◆ What needs to be done
A full, word-for-word copy of the listing below is needed; leave the images out of it.

◆ Exercise data
================================

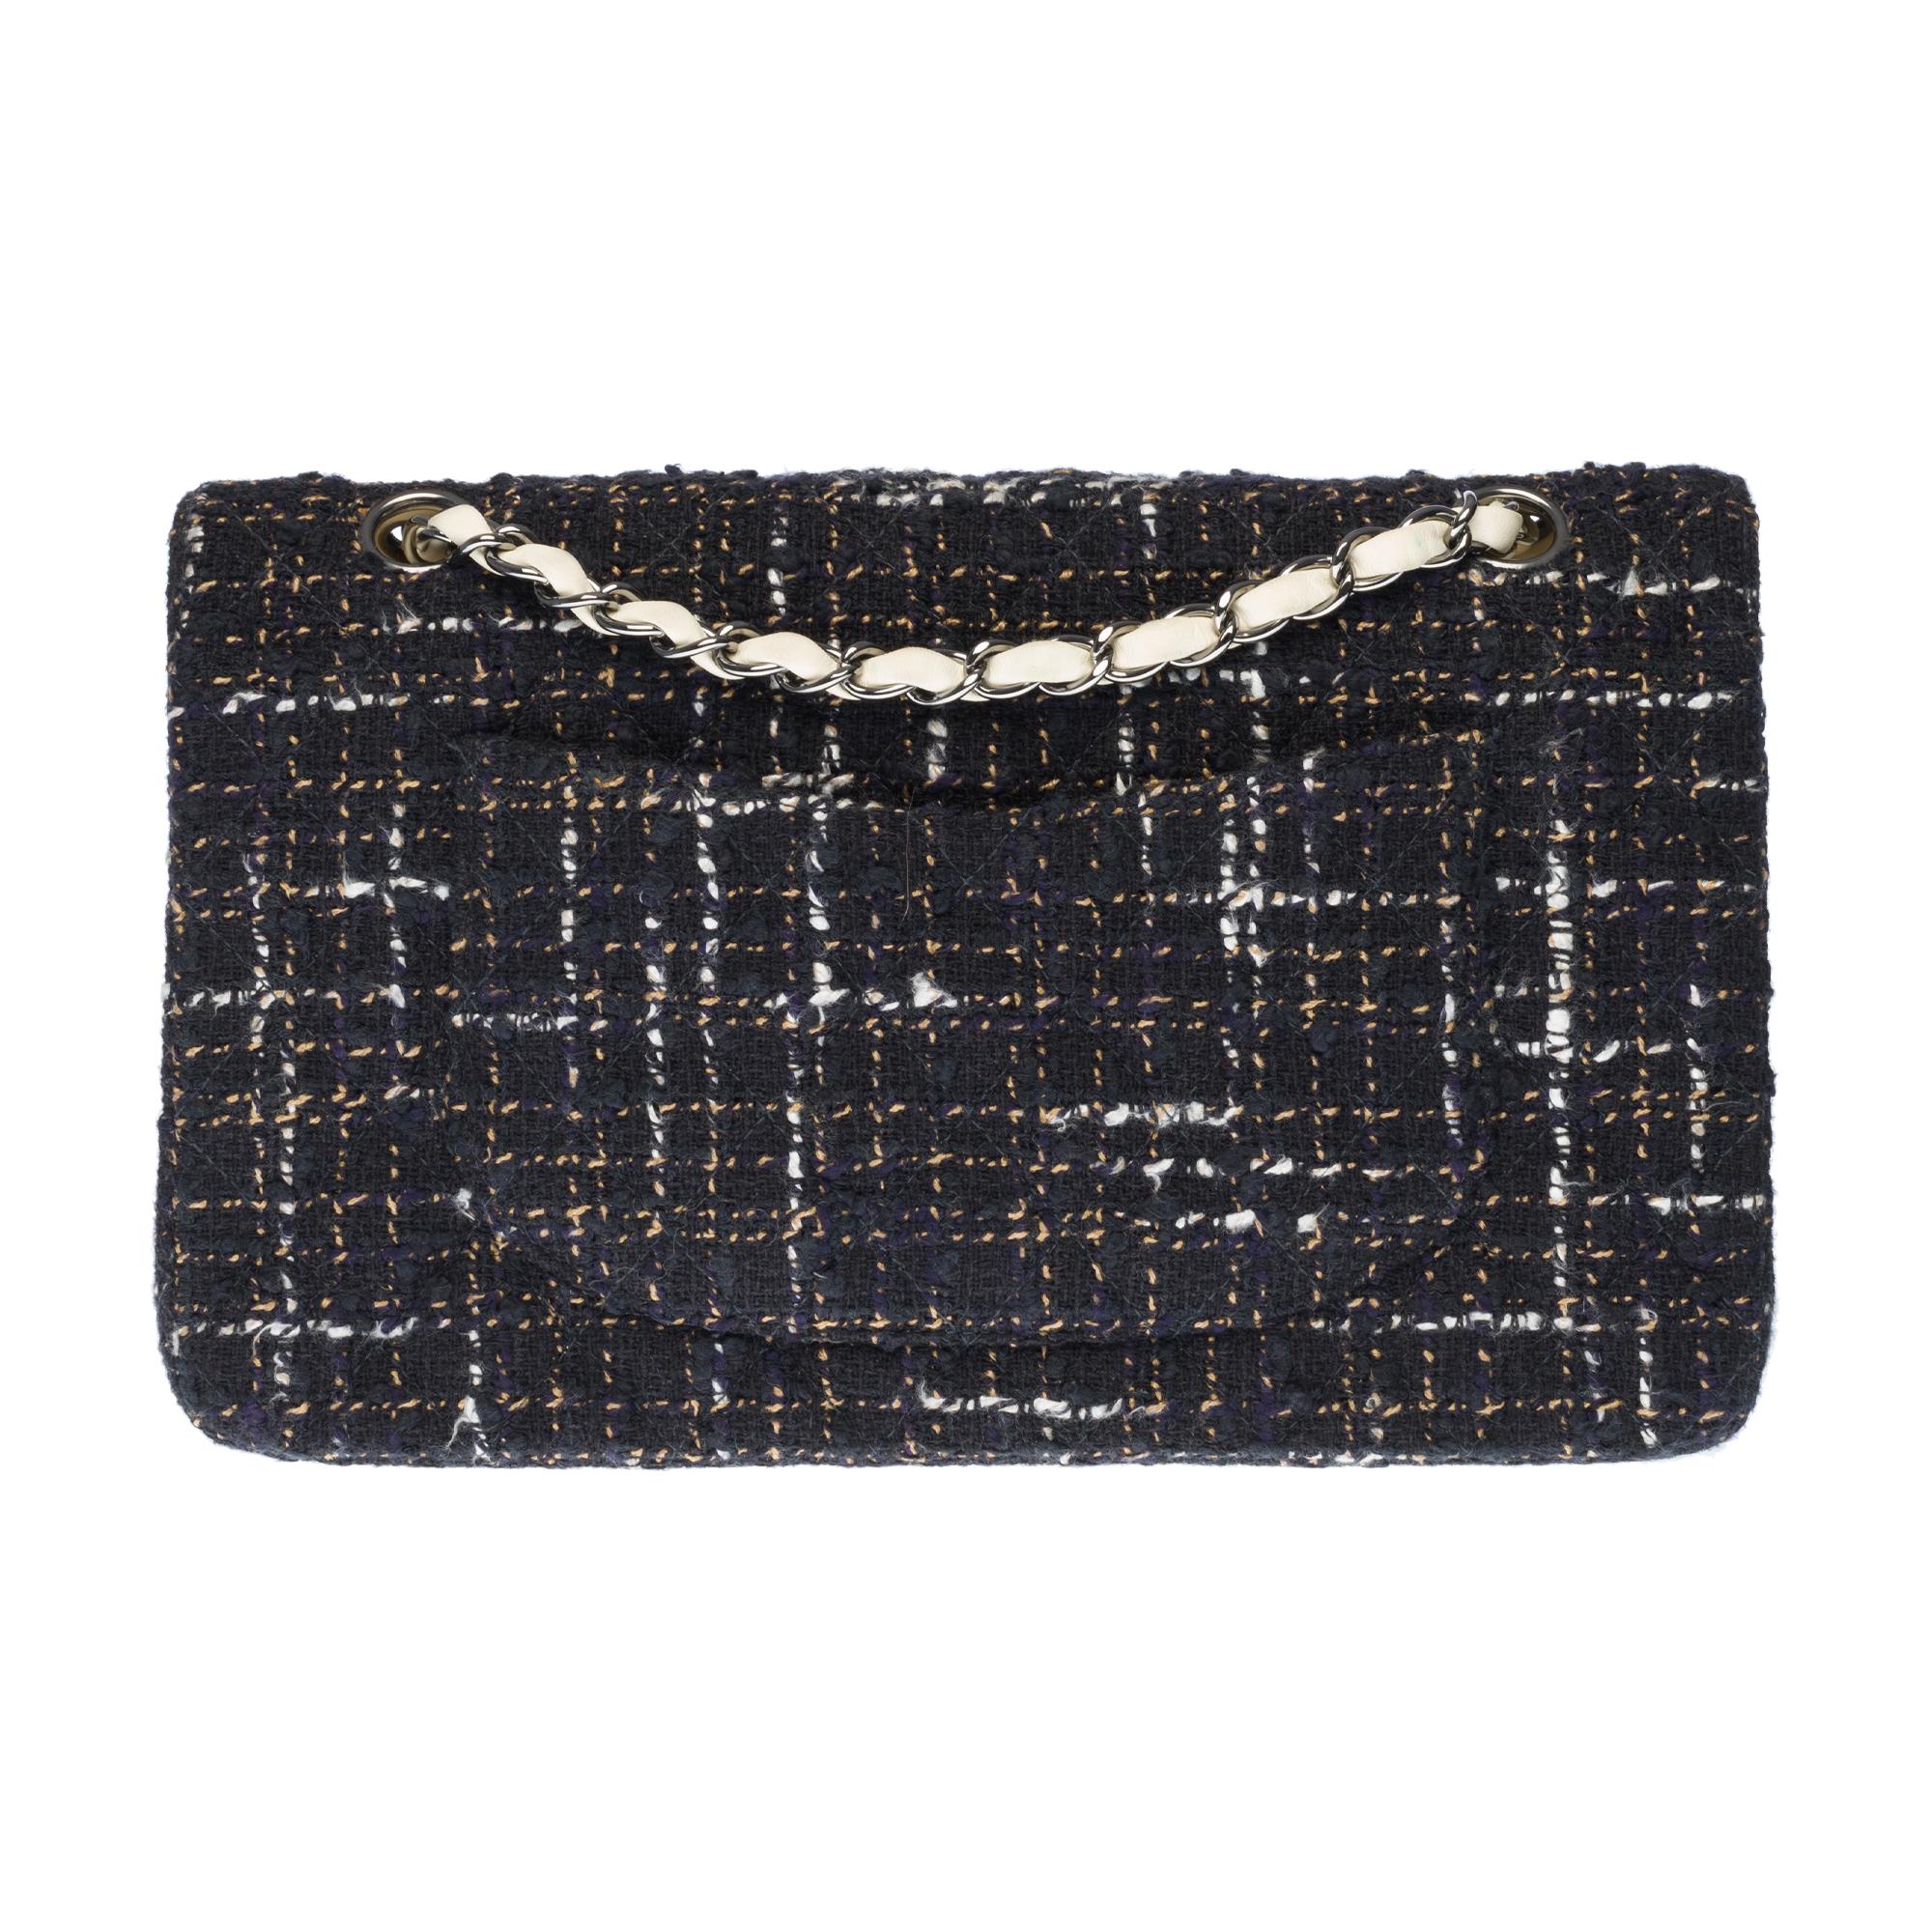 Rare and stunning Timeless double flap bag in black and white quilted Tweed, silver metal trim, silver metal handle intertwined with white leather allowing a hand or shoulder support.
1 patch pocket on the back of the bag.
Padded flap closure,

================================

◆ Solution
 Rare and stunning Timeless double flap bag in black and white quilted Tweed, silver metal trim, silver metal handle intertwined with white leather allowing a hand or shoulder support.
1 patch pocket on the back of the bag.
Padded flap closure,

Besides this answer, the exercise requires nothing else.